Literary Terms: High Fantasy, Low Fantasy, Magical Realism, and Frame (Portal) Stories

Long ago, in a different world, I was a German major (among other things) at University. One of my most memorable seminars was one focused on my favorite genre, fantasy. While there are those who argue that this is “merely” a genre, the incorporation of themes, structure, and leitmotifs in these stories has made them rich to study. From the perspective of my class, this stretched back to the German Romantics in the late 1700s with their freighted search for the Blaue Blume. In fact, my seminar was offered by the German department at my university, by the same professor who taught us about Sturm und Drang and literary Romanticism (long since retired). As rooted in academia as this seminar was, though, some of the things I learned have come up in the context of my writing life, and some of my author friends have requested that I cudgel my brain to share the snippets of what I remember having learned in the early 90s.

According to my professor, there are two main classes of fantasy: low fantasy, wherein the world of the story is recognizable to its readers, and high fantasy, wherein the world is completely made up and operates on its own rules/laws, and likely has its own languages, flora and fauna, and magical tropes including (but not limited to) spells, potions, etc. Because of its familiar world setting, magical realism is related to low fantasy, but follows a slightly different set of rules and conventions. Any of these can take advantage of the frame/portal story convention to make the bridge between the familiar and the unfamiliar.

The primary text of our class was Michael Ende’s Die Unendliche Geschichte (known to Americans as The Neverending Story). This is a classic frame story with a young boy who lives in a world we recognize being sucked into a high fantasy world through the portal of a magical book. There were a couple structural elements that made the story unique: printing the frame story in one color of ink and the fantasy in another, as well as starting each succeeding chapter with a word that began with the next consecutive letter of the alphabet.

Another text we addressed was Gabriel Garcia Marquez’ 100 Years of Solitude. This one is considered a seminal introduction to magical realism, with the action taking place in a fictional (but reality-based, almost everyman style of) South American town over the course of a century. The language is at once lyrical and matter-of-fact, and incorporates ghosts and mystical experiences with as much believability as the buildings and courtyards in which those occurrences are recounted as everyday happenings.
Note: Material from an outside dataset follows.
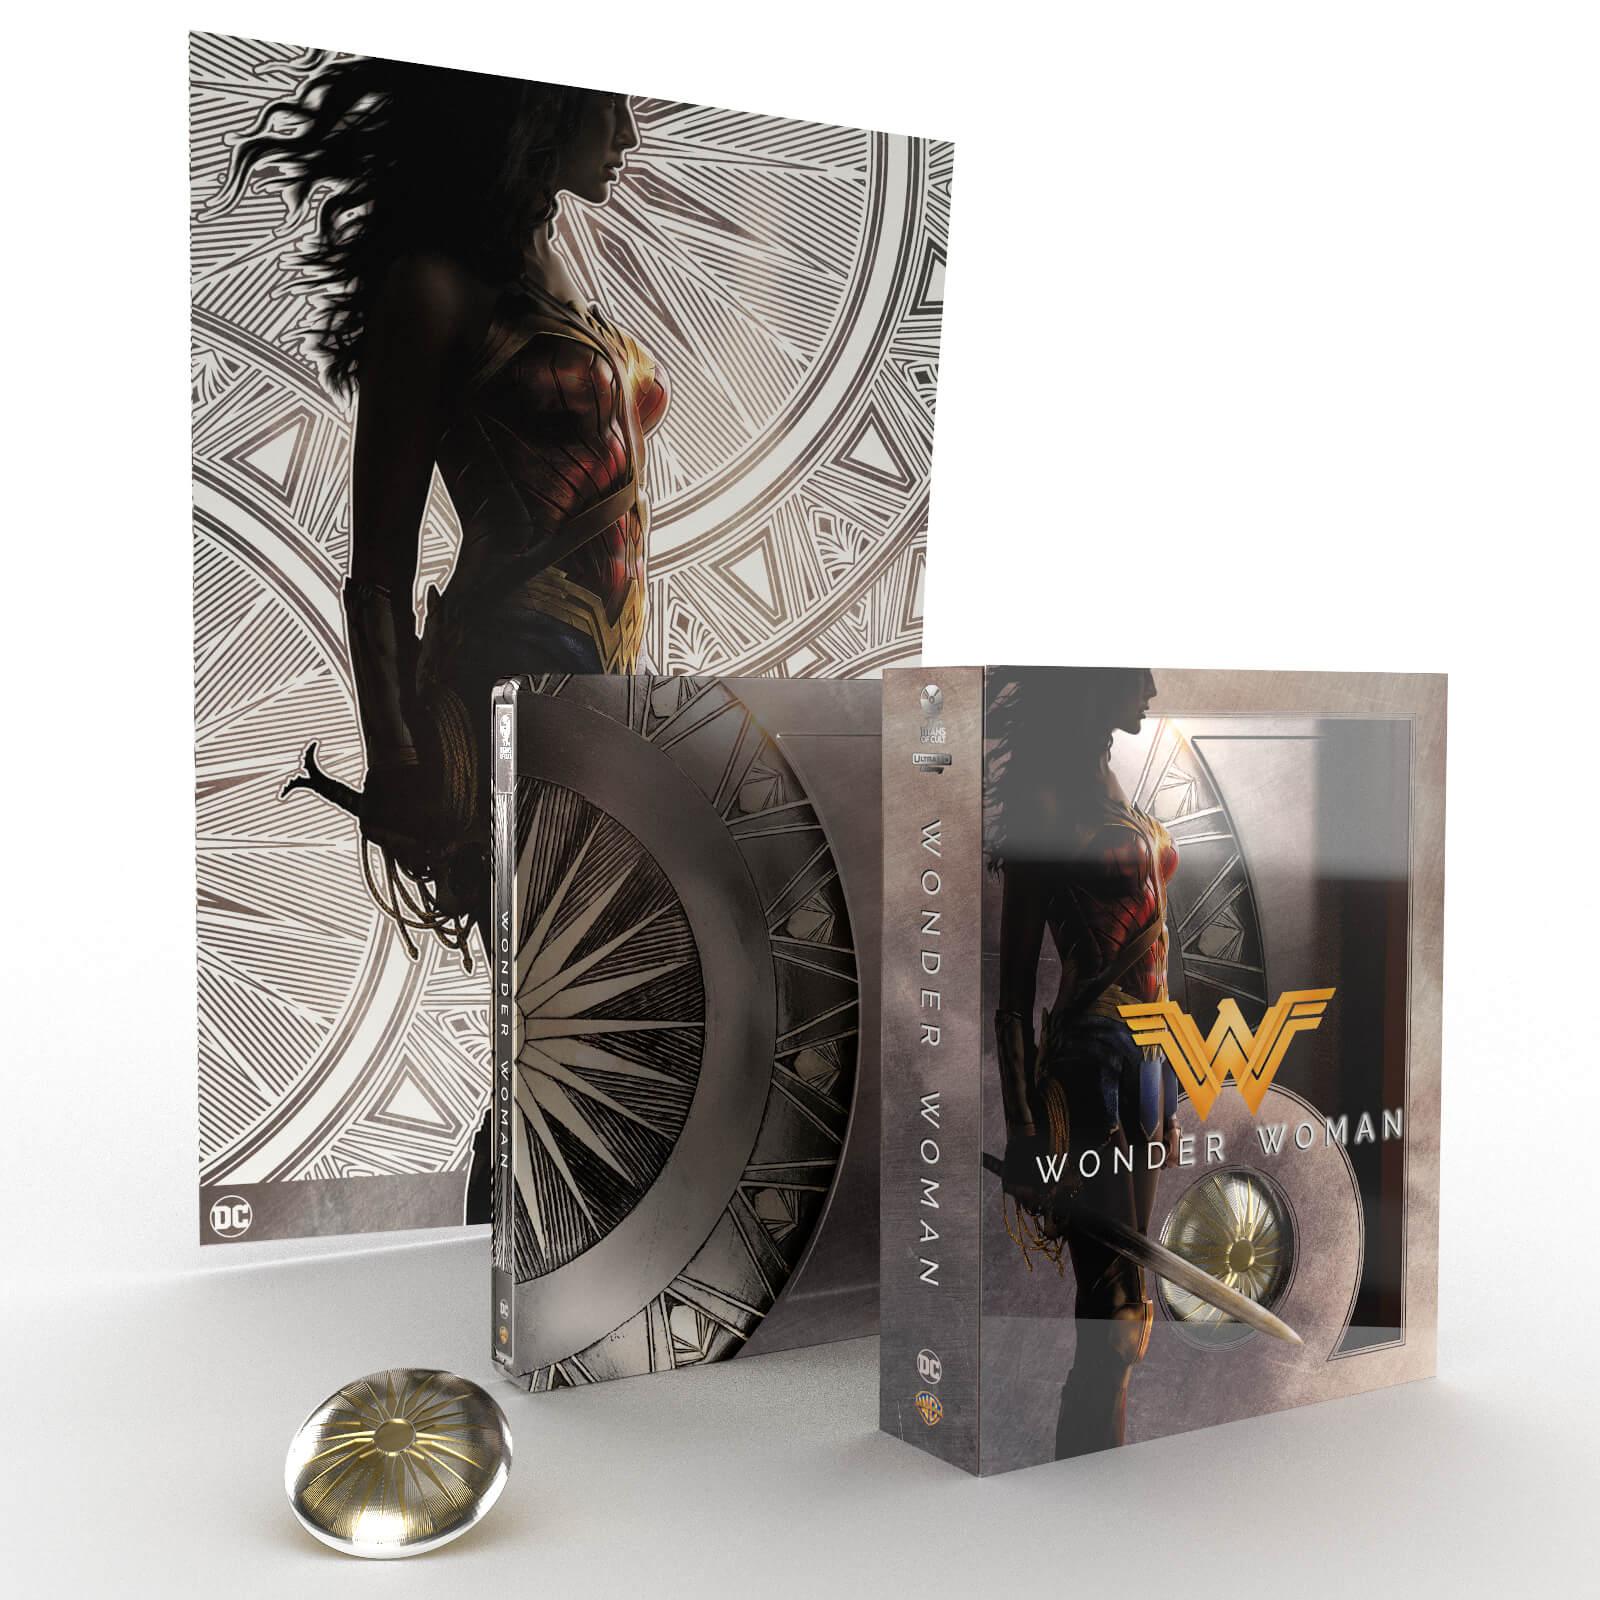 ワンダーウーマン TITANS OF CULT スチールブック wonder woman steelbook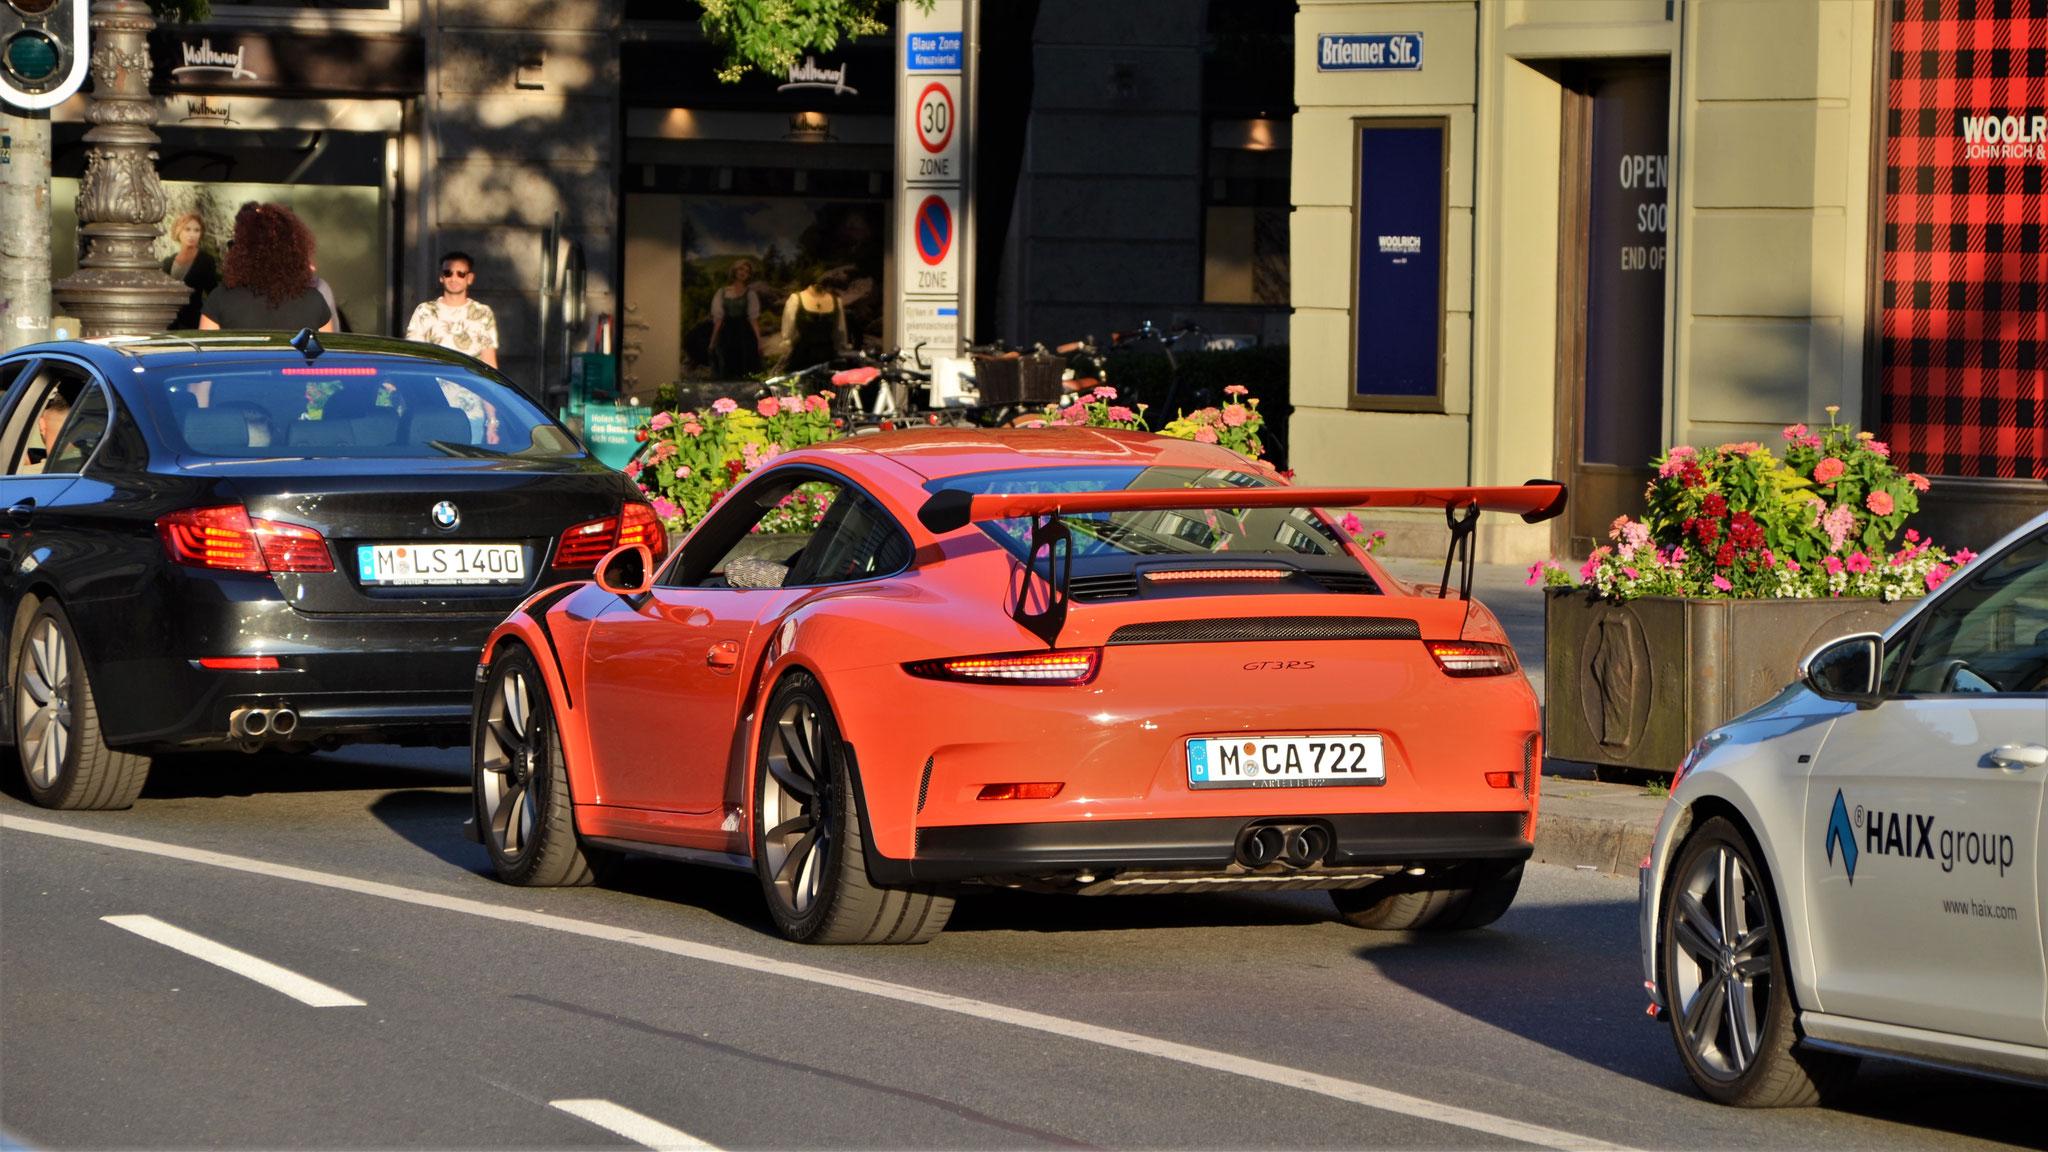 Porsche 911 GT3 RS - M-CA-722

From the primary divide of whether we can recognize the world in which the story is set (i.e. whether a story would fall into the low fantasy or high fantasy classification), a multitude of sub-genres have sprung. Interestingly, in refreshing my memory for this post, I’ve discovered that the same course taught by a different teacher or in a different language might very well use different terms. A few useful references that provide some insight into these differences are:

  1. It’s All Fantasy (fantasy genre guide)
  2. The Cambridge Companion to Fantasy Literature
  3. Fantasy – Definition, History, Characteristics and Meaning
  4. Gizmodo’s list of 10 fantasy terms
  5. TV Tropes main fantasy entry

Given the nature of myths and legends, fantasy has long been a useful framework for humans to put themselves in an unfamiliar space to explore universal themes from a different perspective. Together with Science Fiction, it forms the Speculative Fiction genre world, which is where my author brain is happiest playing. In fact, I consider one of the themes of my published stories to be “there is magic in our world, have we but the eyes to see it.” From this perspective, while it’s useful to consider genres and tropes, I find I have the most fun exploring how those can be bent into new versions of themselves–though I don’t foresee myself spending too much time in entirely made-up places. In the meantime, I’m laughing at my ability to retain such snippets for so long, even when they have no real bearing on an author’s ability to produce a good, engaging story.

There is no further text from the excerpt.